Content starts

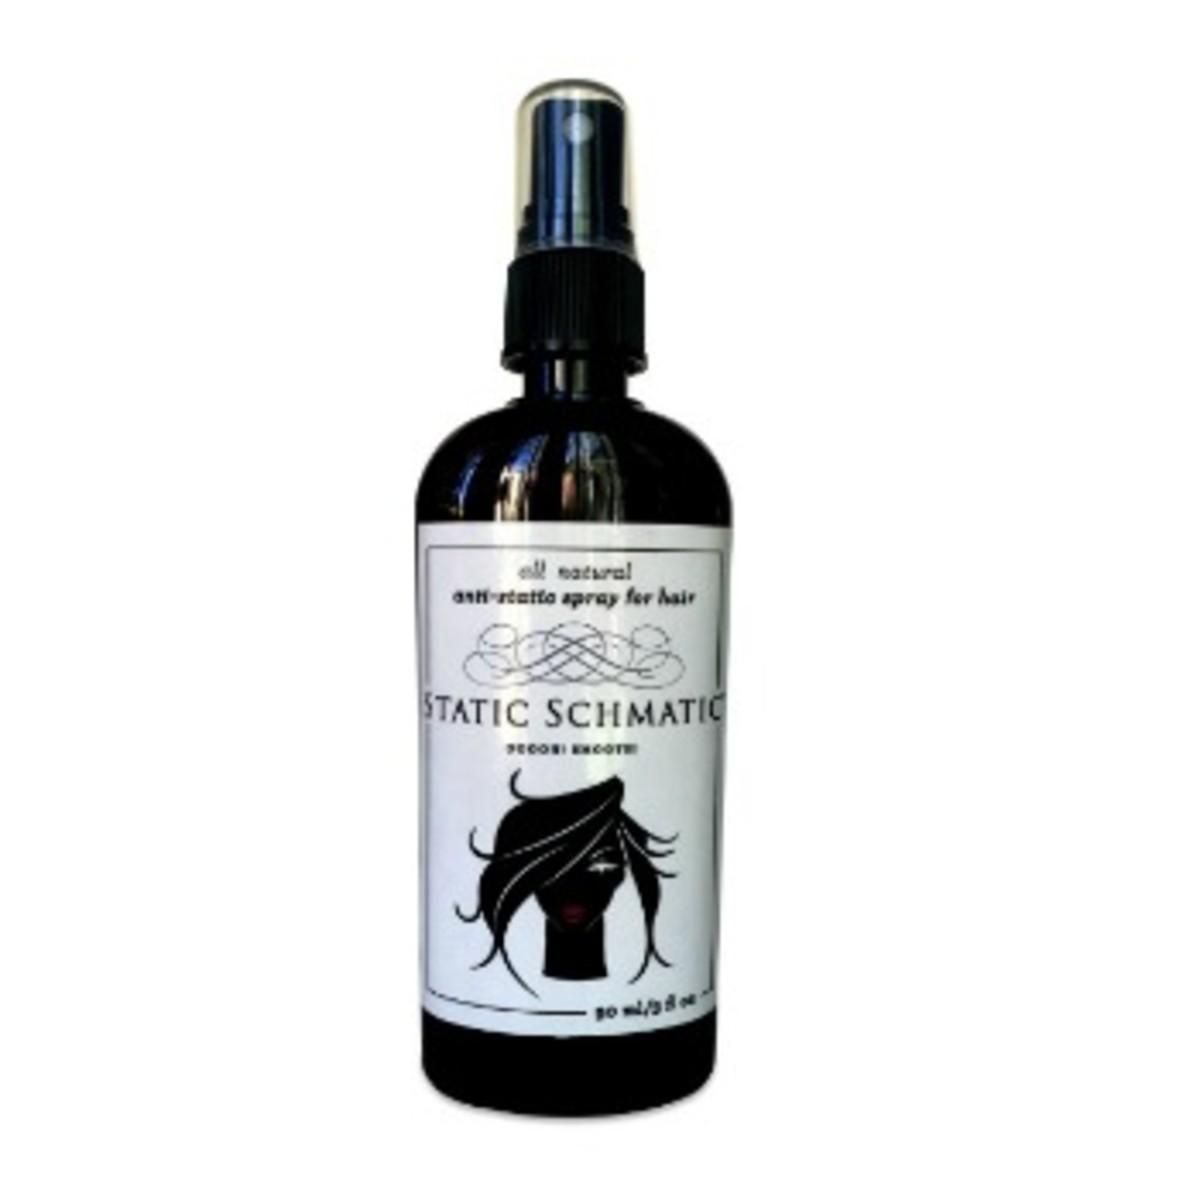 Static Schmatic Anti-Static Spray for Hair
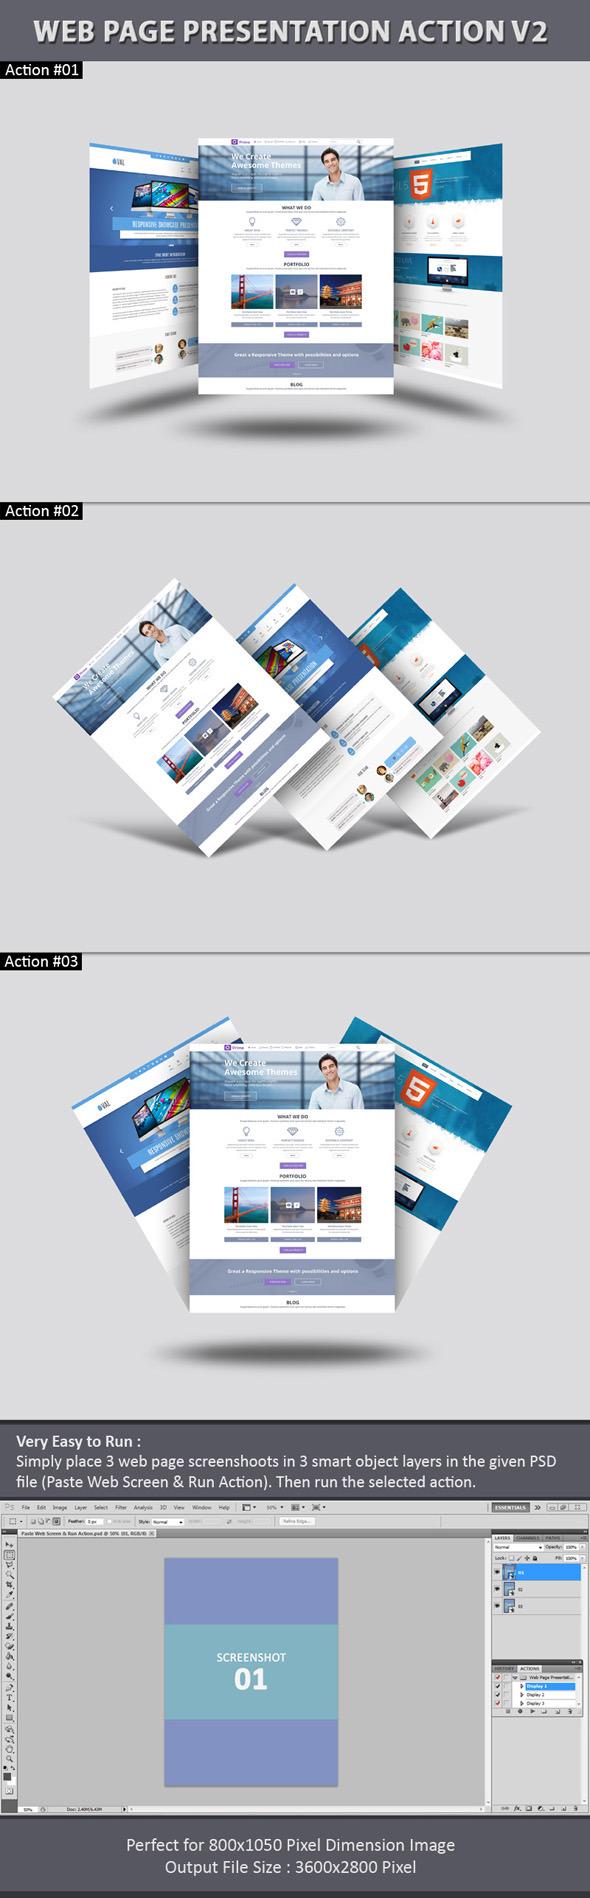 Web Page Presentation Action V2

Content ends
Content starts

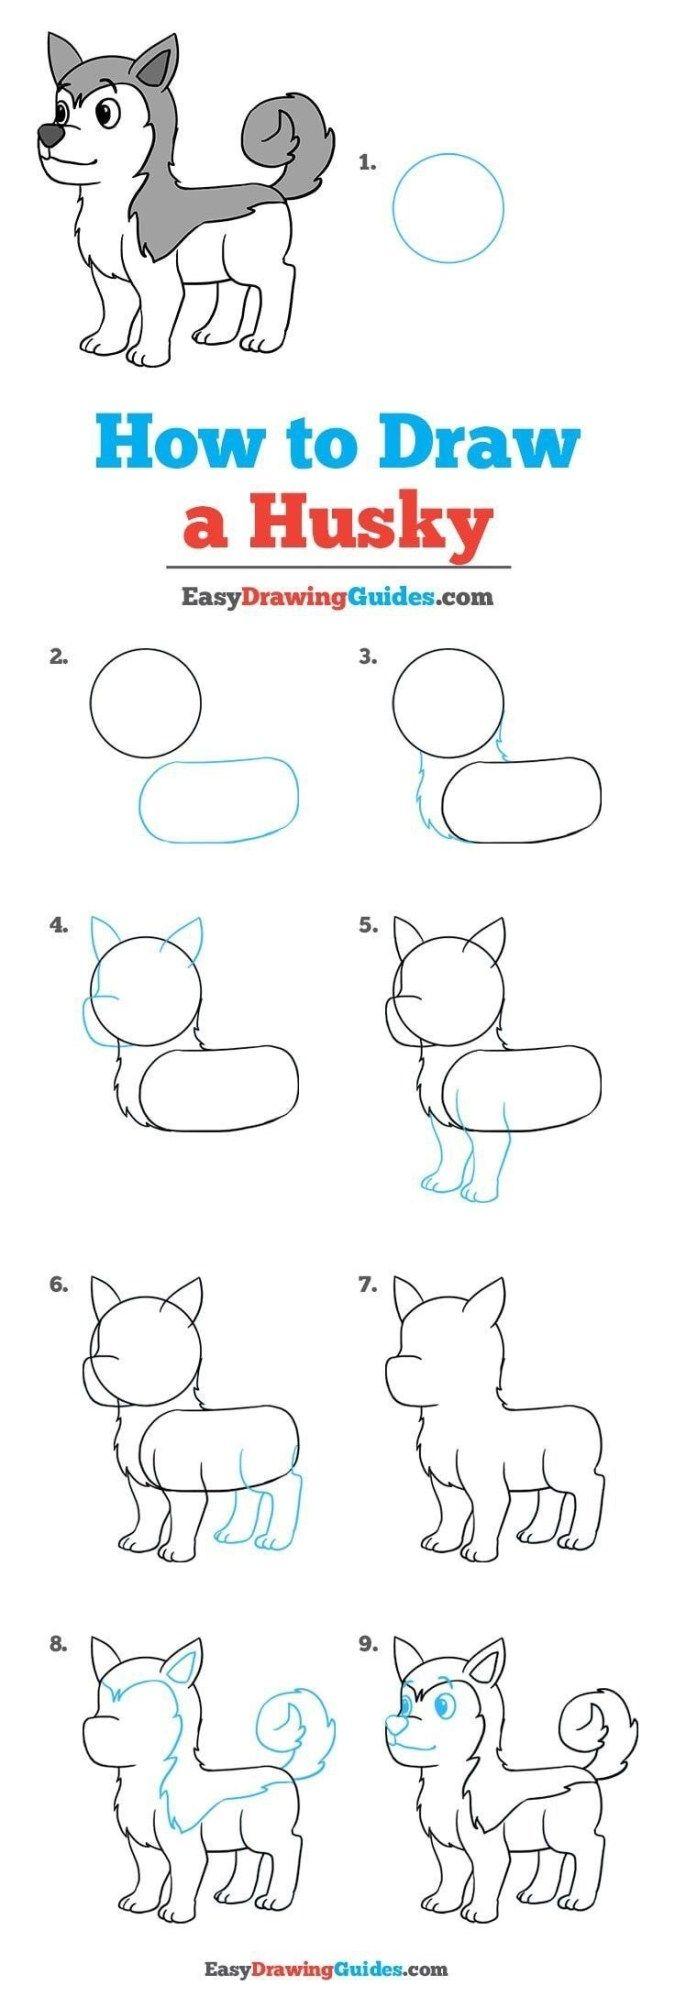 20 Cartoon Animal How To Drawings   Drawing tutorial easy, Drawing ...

Content ends

## TASK PROMPT
Excerpt from the records above: set down only the lines from the one that contains "Static Schmatic Anti-Static Spray for Hair" through the one that contains "Web Page Presentation Action V2", inclusive, word for word. Pictures stay out.

## RESULT
 Static Schmatic Anti-Static Spray for Hair
 Web Page Presentation Action V2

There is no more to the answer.